My Idea of Fun
- First edition
- Author: Will Self
- Language: English
- Publisher: Bloomsbury Publishing
- Publication date: 16 Sep 1993
- Publication place: United Kingdom
- Media type: Print Paperback
- Pages: 309 pp
- ISBN: 0-7475-1591-3
- OCLC: 62891878

= My Idea of Fun =

1993 novel by Will Self

My Idea of Fun is the second novel by Will Self, and was published in 1993.

==Plot summary==
A lonely boy grows up just outside Brighton in a caravan park with his over-sexual mother and the tenant Mr Broadhurst, who takes the boy on a disturbing and often violent journey.

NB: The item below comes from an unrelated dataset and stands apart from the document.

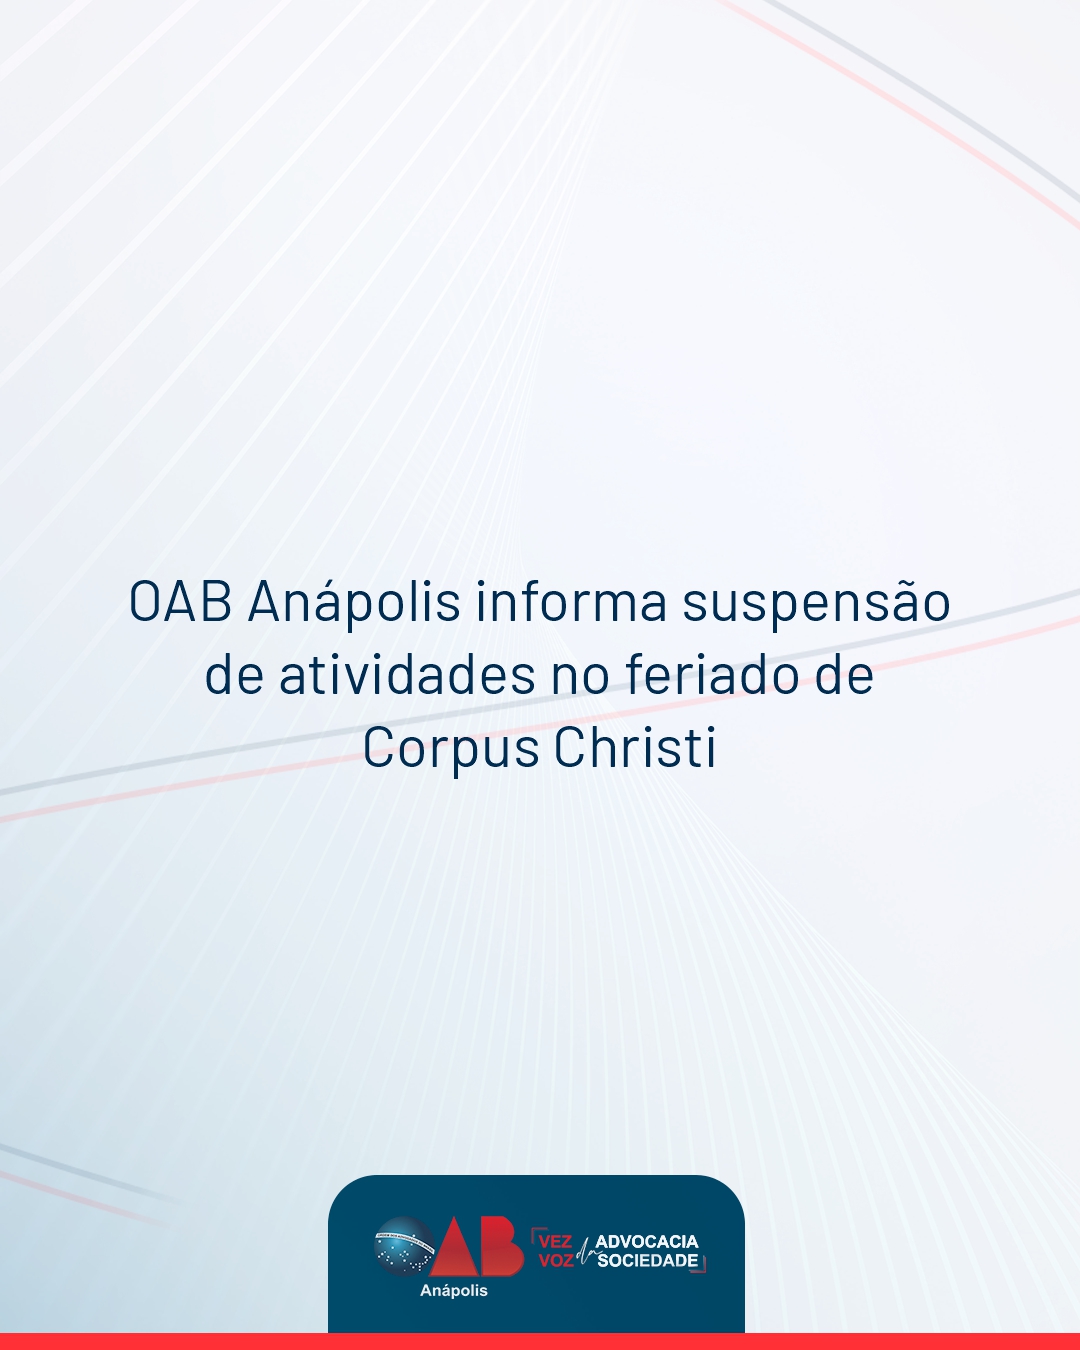 OAB Anápolis informa suspensão de atividades no feriado de Corpus Christi

The novel works as a strange Bildungsroman, in which the main character, Ian Wharton, learns the art of black magic from Broadhurst, who is also known as the Fat Controller. At the Fat Controller's behest Ian engages in a series of strange acts including time travel and trips to an alternate reality called the Land of Children's jokes, a grotesque alternate universe inhabited by the menacing and deformed characters from jokes. The protagonist's education culminates in bizarre rites of bestiality and necrophilia. However, he finds that in exchange for knowledge of the black arts Broadhurst begins to take over more and more aspects of his life.

The novel may also be seen as an example of an unreliable narrator, as it is unclear whether the strange events in the novel are meant to be real or hallucinatory.

==Reviews==
Nicholas Lezard said of the book that "No one else I can think of writes about contemporary Britain with such elan, energy and witty intelligence. Rejoice."